1. train a large language model to develop generalizable language abilities
2. add a classifier on top (typically) that you train to be good at your specific objective 


This notebook is meant to help you get started with Hugging Face and the transformers library. This library is fairly easy to use, but does provide a high level of abstraction. If you plan to dive deeper into Hugging Faces, I recommend brushing up on NLP concepts to make sure you understand what's going on under the hood.

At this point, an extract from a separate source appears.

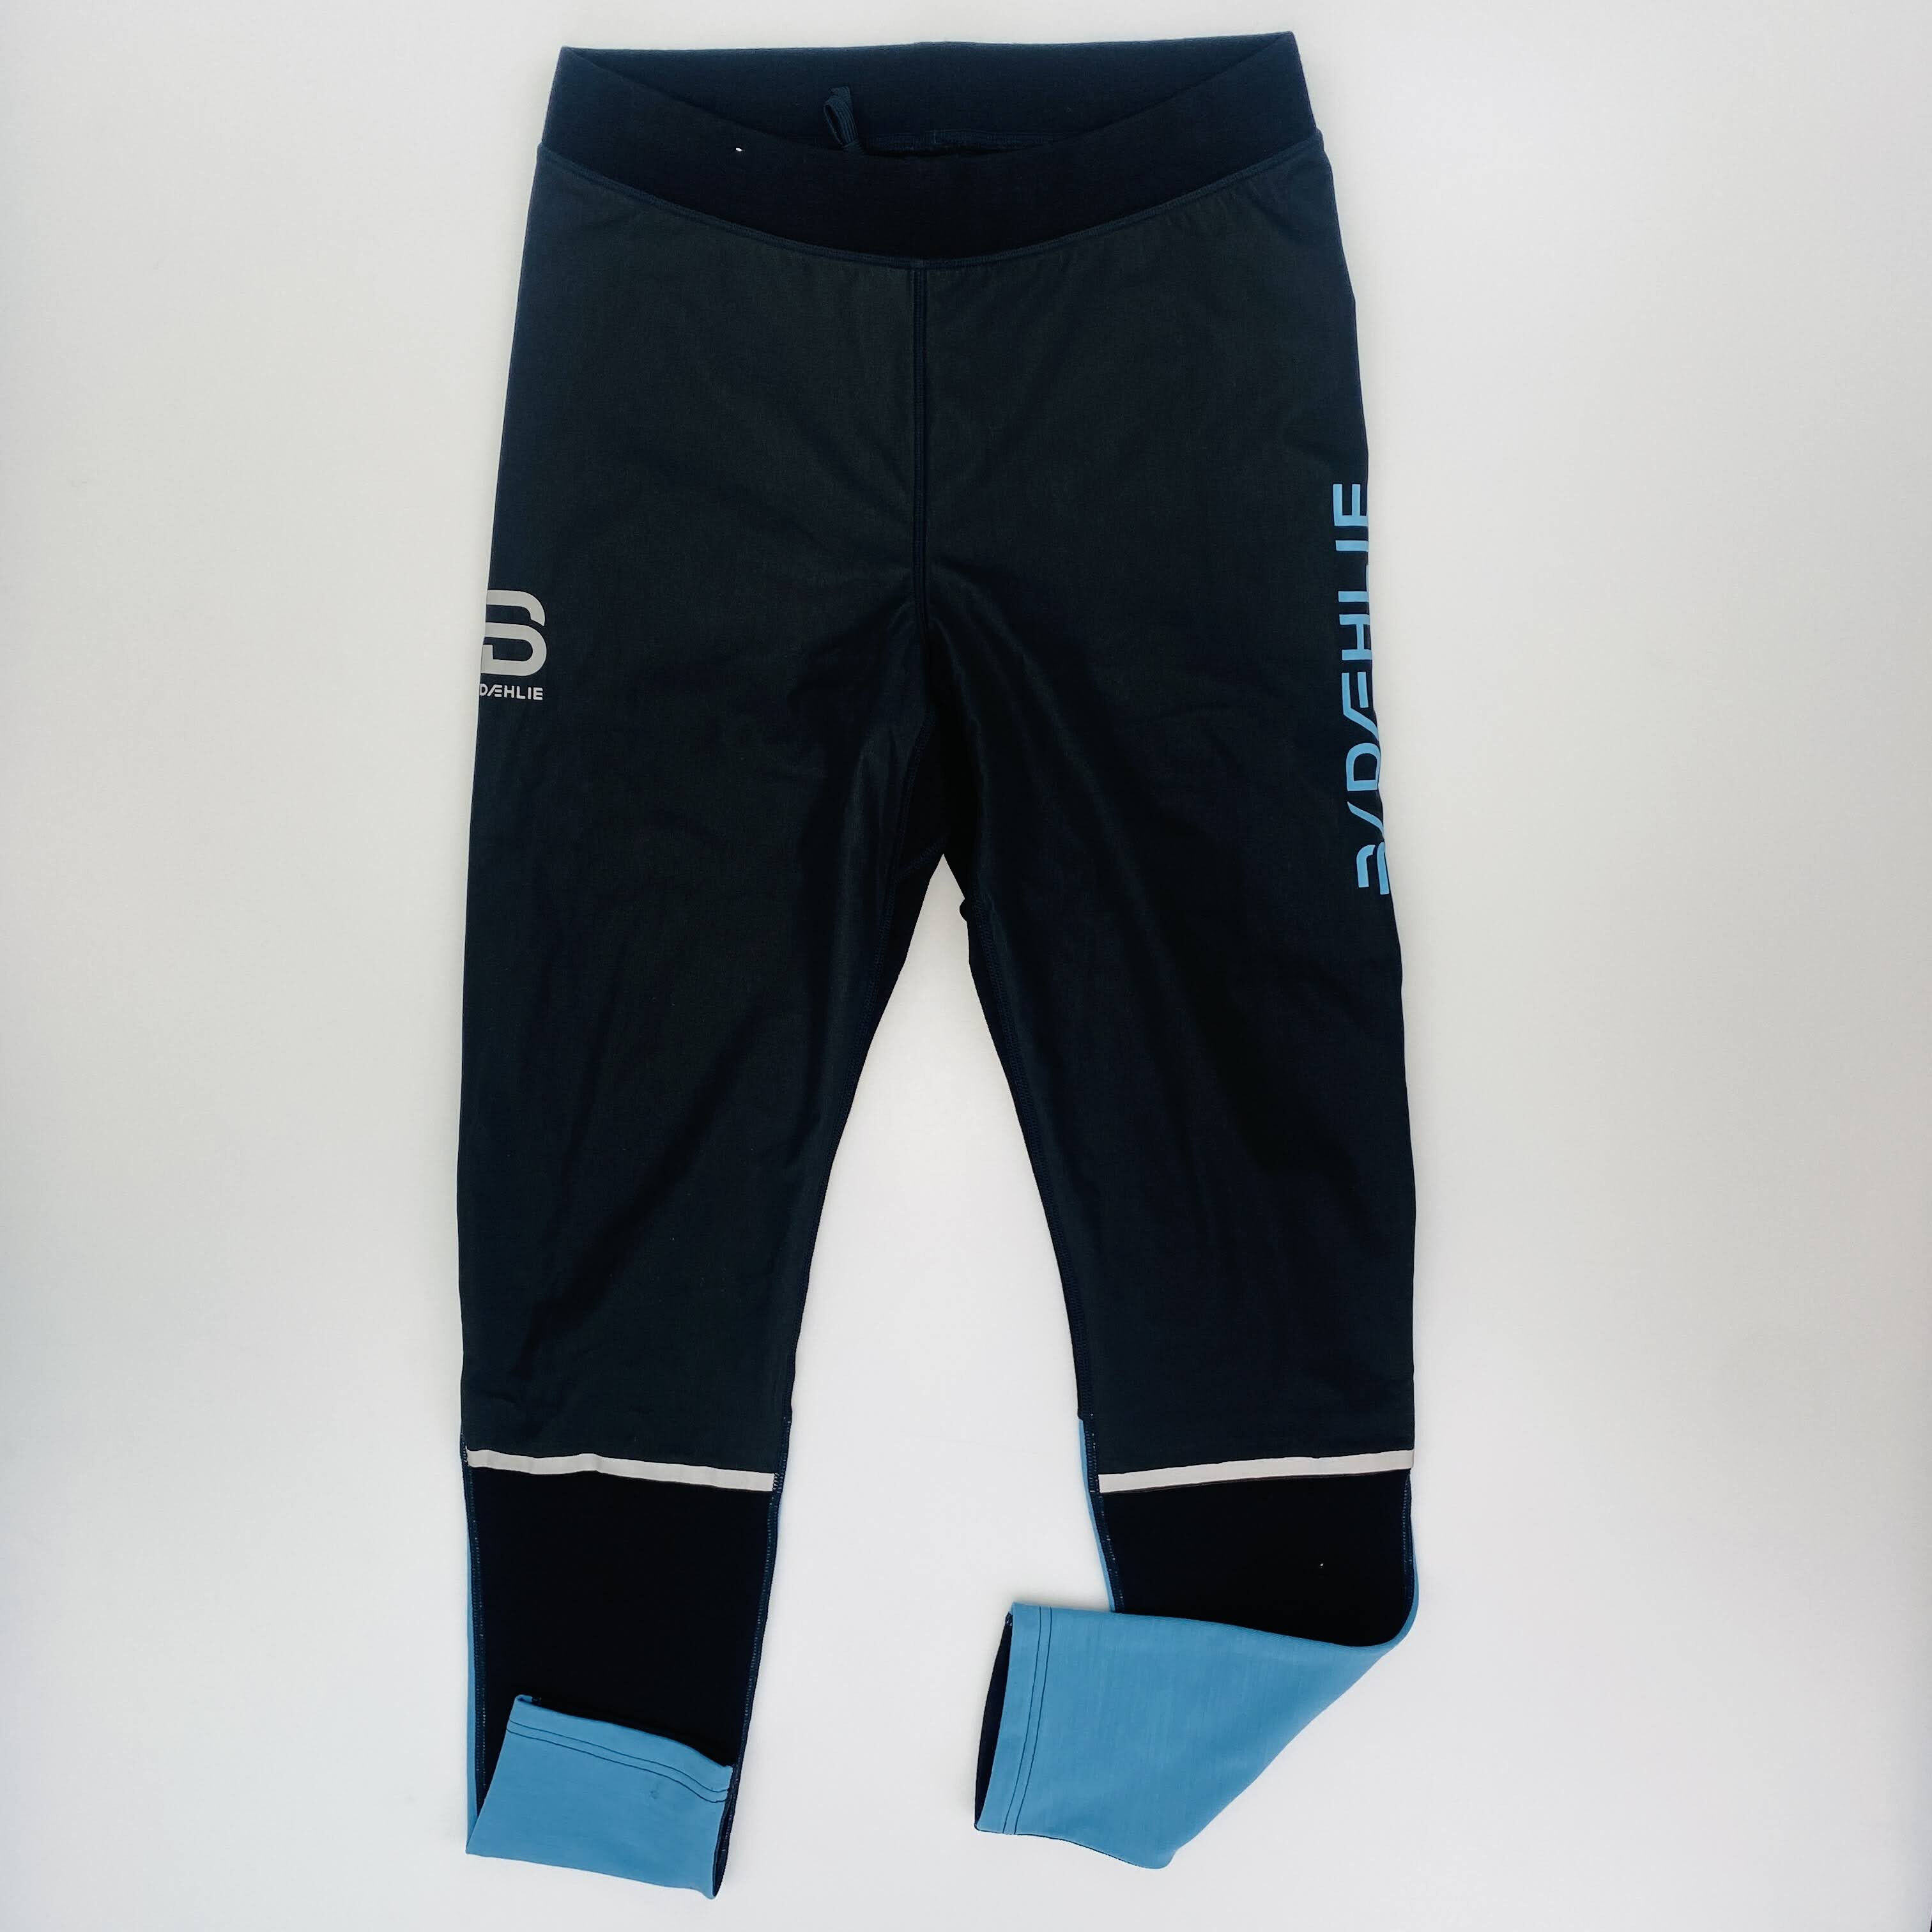 Daehlie Tights Winter Wool 2.0 Men - Pantaloni da sci di seconda mano - Uomo - Nero - M | Hardloop

Also note that you will most likely run up against cloud.gov's memory limits when you install these packages and run this notebook.

In [1]:
from transformers import pipeline, AutoModelForSequenceClassification

## Auto Models

Auto Models are a generic class that will be instantiated with the pre-trained model you specify. In other words, this gives you easy access to BERT, RoBERTA, LLAMA, and other powerful LLMs

In [2]:
NUM_LABELS = 2

For demonstration purposes, we're telling the Auto Model class to add a classification layer with two possible labels. ```NUM_LABELS``` can be set to an arbitrary number of classes. 

In [3]:
bert_model = AutoModelForSequenceClassification.from_pretrained('bert-base-uncased', num_labels = NUM_LABELS)

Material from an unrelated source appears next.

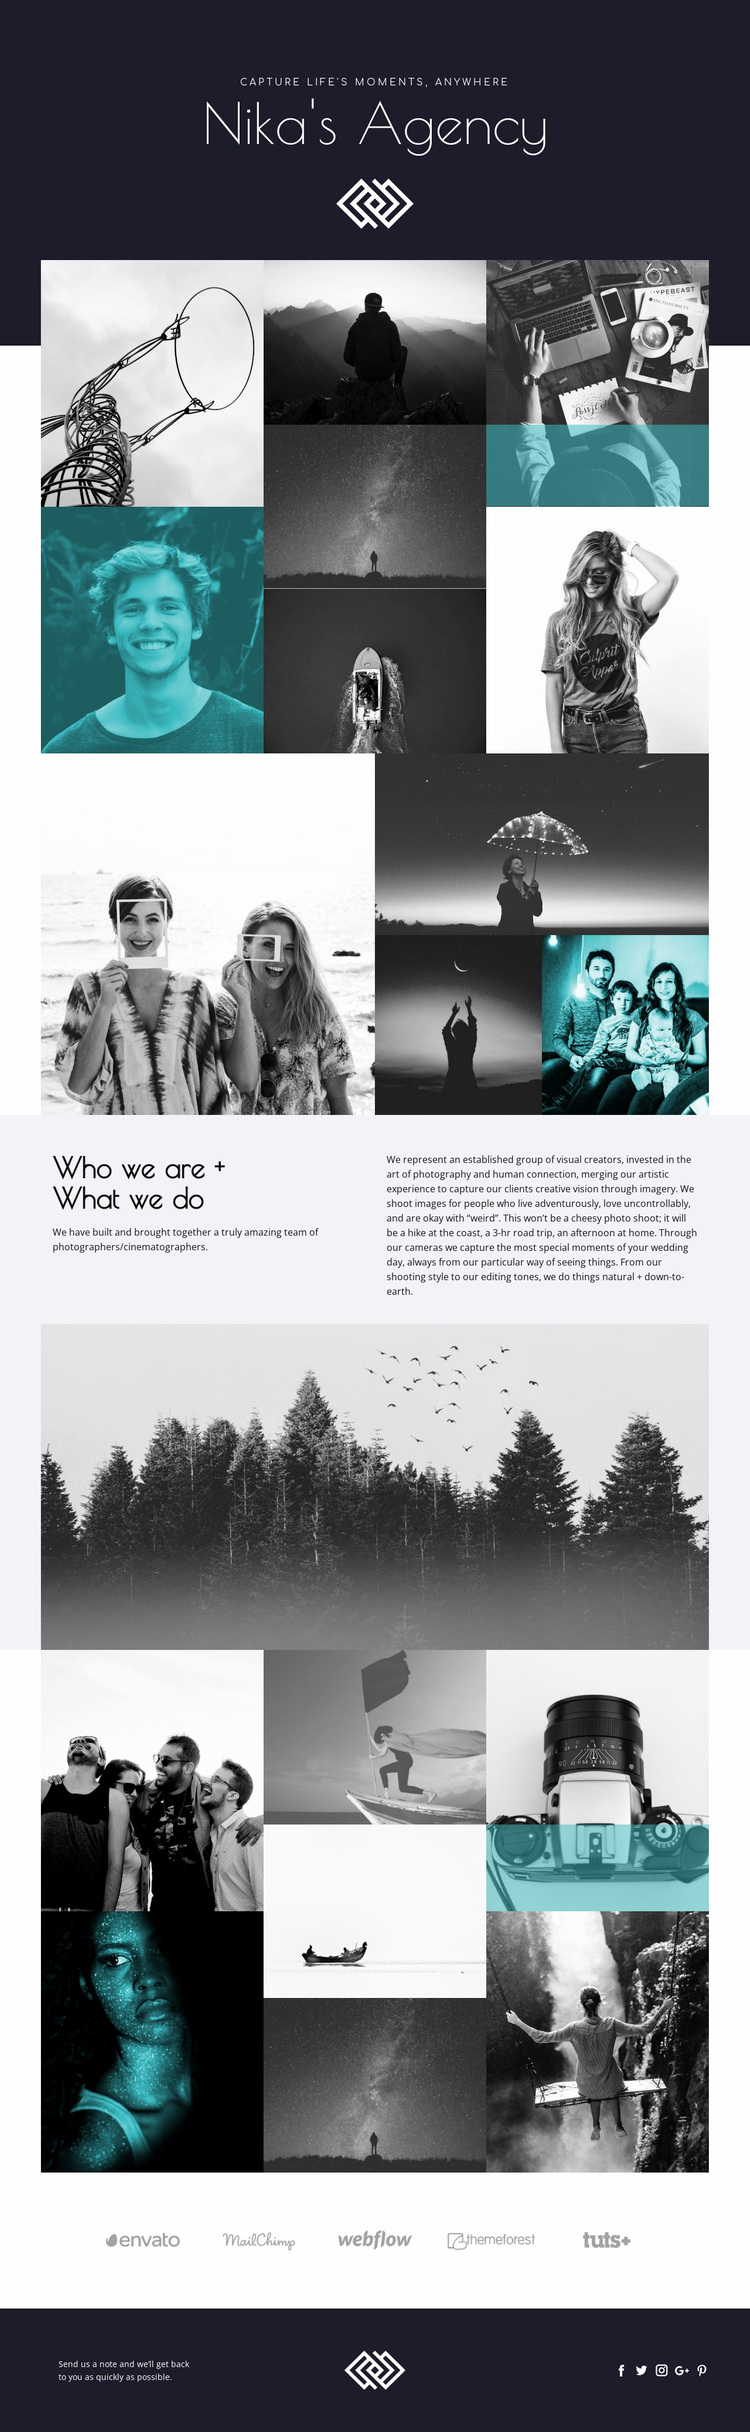 Nika's Agency Website Design

Some weights of BertForSequenceClassification were not initialized from the model checkpoint at bert-base-uncased and are newly initialized: ['classifier.bias', 'classifier.weight']
You should probably TRAIN this model on a down-stream task to be able to use it for predictions and inference.


In [4]:
bert_model

BertForSequenceClassification(
  (bert): BertModel(
    (embeddings): BertEmbeddings(
      (word_embeddings): Embedding(30522, 768, padding_idx=0)
      (position_embeddings): Embedding(512, 768)
      (token_type_embeddings): Embedding(2, 768)
      (LayerNorm): LayerNorm((768,), eps=1e-12, elementwise_affine=True)
      (dropout): Dropout(p=0.1, inplace=False)
    )
    (encoder): BertEncoder(
      (layer): ModuleList(
        (0-11): 12 x BertLayer(
          (attention): BertAttention(
            (self): BertSelfAttention(
              (query): Linear(in_features=768, out_features=768, bias=True)
              (key): Linear(in_features=768, out_features=768, bias=True)
              (value): Linear(in_features=768, out_features=768, bias=True)
              (dropout): Dropout(p=0.1, inplace=False)
            )
            (output): BertSelfOutput(
              (dense): Linear(in_features=768, out_features=768, bias=True)
              (LayerNorm): LayerNorm((768,), eps=1e-12,

In [5]:
distilbert = AutoModelForSequenceClassification.from_pretrained('distilbert/distilbert-base-uncased', num_labels = NUM_LABELS)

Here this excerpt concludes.